Records contained in a dataset:
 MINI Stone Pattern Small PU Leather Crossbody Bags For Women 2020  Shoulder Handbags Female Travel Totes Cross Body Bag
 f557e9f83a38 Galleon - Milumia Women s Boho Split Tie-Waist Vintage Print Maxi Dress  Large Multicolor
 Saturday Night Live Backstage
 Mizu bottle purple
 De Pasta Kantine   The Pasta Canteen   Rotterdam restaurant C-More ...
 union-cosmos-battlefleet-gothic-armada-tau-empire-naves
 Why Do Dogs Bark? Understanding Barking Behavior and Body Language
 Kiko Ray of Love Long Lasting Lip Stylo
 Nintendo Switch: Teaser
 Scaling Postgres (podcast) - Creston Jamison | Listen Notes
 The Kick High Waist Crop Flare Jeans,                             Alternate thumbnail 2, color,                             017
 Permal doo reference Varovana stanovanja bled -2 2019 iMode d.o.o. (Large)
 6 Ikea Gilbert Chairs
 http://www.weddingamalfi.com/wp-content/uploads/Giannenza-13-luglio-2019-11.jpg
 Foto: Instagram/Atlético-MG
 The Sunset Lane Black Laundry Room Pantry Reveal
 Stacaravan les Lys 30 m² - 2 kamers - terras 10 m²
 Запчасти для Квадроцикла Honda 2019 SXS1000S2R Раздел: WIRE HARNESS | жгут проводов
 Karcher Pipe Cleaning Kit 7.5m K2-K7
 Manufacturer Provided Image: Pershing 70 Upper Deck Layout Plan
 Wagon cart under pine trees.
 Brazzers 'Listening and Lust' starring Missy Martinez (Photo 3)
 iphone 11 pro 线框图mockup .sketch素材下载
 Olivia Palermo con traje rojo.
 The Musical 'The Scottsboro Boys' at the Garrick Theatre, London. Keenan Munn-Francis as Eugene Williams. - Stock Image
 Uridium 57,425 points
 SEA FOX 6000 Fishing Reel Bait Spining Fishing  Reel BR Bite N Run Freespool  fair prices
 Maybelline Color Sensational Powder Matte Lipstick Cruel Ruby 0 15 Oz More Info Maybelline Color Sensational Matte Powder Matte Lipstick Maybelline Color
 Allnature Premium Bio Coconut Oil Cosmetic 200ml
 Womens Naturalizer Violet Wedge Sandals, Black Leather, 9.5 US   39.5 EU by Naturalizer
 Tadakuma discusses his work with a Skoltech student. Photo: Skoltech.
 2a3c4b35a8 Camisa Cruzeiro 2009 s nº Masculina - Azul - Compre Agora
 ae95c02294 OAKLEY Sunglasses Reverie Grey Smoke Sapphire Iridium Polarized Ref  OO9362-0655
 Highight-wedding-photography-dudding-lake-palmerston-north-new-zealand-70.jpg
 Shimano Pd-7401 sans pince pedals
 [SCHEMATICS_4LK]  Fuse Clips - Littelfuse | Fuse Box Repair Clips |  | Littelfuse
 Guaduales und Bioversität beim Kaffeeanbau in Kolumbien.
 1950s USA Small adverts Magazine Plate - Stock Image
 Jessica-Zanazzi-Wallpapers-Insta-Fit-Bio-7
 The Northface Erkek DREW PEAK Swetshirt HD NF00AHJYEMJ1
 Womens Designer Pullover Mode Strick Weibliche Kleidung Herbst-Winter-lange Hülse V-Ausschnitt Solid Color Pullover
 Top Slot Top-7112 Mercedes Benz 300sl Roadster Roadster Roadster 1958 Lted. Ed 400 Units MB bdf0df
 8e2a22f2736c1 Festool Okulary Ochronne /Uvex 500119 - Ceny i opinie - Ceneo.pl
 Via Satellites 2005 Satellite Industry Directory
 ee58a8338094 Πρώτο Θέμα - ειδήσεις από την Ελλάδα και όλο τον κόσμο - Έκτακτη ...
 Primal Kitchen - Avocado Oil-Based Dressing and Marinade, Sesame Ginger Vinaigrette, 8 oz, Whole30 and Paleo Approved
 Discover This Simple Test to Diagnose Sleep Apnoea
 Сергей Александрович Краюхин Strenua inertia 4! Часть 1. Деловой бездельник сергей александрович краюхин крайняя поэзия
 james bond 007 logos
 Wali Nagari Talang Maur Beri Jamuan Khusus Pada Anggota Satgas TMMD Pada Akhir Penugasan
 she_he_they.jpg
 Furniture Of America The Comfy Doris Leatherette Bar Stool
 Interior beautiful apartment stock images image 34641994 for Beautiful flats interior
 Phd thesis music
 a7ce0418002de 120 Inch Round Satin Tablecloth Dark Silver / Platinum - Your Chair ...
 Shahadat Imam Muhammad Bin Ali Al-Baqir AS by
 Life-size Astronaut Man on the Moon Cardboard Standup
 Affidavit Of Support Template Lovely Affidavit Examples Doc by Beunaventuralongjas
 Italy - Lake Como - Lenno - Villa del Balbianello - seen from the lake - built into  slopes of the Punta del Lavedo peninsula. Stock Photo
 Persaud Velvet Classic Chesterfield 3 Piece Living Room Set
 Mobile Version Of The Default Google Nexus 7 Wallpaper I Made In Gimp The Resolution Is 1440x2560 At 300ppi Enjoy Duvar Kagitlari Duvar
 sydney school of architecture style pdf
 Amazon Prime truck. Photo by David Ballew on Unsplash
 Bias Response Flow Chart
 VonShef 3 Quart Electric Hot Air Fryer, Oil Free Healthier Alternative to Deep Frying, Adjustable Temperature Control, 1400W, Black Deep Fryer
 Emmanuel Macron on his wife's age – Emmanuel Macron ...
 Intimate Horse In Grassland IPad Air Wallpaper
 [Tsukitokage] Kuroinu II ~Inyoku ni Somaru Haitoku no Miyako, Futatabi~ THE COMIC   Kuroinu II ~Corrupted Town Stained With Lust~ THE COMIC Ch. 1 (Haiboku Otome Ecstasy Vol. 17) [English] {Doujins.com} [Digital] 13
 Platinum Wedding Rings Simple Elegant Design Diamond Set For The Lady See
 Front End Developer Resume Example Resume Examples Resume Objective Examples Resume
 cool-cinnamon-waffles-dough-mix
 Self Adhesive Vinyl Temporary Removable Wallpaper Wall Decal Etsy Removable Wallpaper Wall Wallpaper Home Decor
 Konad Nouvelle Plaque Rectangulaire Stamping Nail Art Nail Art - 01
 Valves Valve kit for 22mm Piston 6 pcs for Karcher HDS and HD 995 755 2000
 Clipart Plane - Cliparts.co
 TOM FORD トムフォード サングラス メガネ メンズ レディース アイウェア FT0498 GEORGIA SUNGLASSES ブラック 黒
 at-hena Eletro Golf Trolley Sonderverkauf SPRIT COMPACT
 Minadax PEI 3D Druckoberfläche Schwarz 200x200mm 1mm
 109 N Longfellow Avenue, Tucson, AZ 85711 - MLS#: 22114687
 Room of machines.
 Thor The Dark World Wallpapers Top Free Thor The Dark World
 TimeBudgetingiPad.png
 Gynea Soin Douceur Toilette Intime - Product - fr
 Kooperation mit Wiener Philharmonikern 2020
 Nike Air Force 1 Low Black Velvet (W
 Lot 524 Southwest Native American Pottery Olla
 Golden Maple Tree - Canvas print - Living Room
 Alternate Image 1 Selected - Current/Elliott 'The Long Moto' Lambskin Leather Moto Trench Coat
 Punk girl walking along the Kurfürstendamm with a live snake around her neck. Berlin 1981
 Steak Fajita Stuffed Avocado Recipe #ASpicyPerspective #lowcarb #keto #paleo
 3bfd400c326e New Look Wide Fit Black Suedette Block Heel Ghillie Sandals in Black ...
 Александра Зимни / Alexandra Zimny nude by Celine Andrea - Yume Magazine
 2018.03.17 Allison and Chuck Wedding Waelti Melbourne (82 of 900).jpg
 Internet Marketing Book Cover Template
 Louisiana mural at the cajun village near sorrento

▸ Task brief: Which lines above run from the one containing "a7ce0418002de 120 Inch" down to the one containing "Platinum Wedding Rings"? Repeat exactly those, both ends included, and nothing else.

▸ Answer:
 a7ce0418002de 120 Inch Round Satin Tablecloth Dark Silver / Platinum - Your Chair ...
 Shahadat Imam Muhammad Bin Ali Al-Baqir AS by
 Life-size Astronaut Man on the Moon Cardboard Standup
 Affidavit Of Support Template Lovely Affidavit Examples Doc by Beunaventuralongjas
 Italy - Lake Como - Lenno - Villa del Balbianello - seen from the lake - built into  slopes of the Punta del Lavedo peninsula. Stock Photo
 Persaud Velvet Classic Chesterfield 3 Piece Living Room Set
 Mobile Version Of The Default Google Nexus 7 Wallpaper I Made In Gimp The Resolution Is 1440x2560 At 300ppi Enjoy Duvar Kagitlari Duvar
 sydney school of architecture style pdf
 Amazon Prime truck. Photo by David Ballew on Unsplash
 Bias Response Flow Chart
 VonShef 3 Quart Electric Hot Air Fryer, Oil Free Healthier Alternative to Deep Frying, Adjustable Temperature Control, 1400W, Black Deep Fryer
 Emmanuel Macron on his wife's age – Emmanuel Macron ...
 Intimate Horse In Grassland IPad Air Wallpaper
 [Tsukitokage] Kuroinu II ~Inyoku ni Somaru Haitoku no Miyako, Futatabi~ THE COMIC   Kuroinu II ~Corrupted Town Stained With Lust~ THE COMIC Ch. 1 (Haiboku Otome Ecstasy Vol. 17) [English] {Doujins.com} [Digital] 13
 Platinum Wedding Rings Simple Elegant Design Diamond Set For The Lady See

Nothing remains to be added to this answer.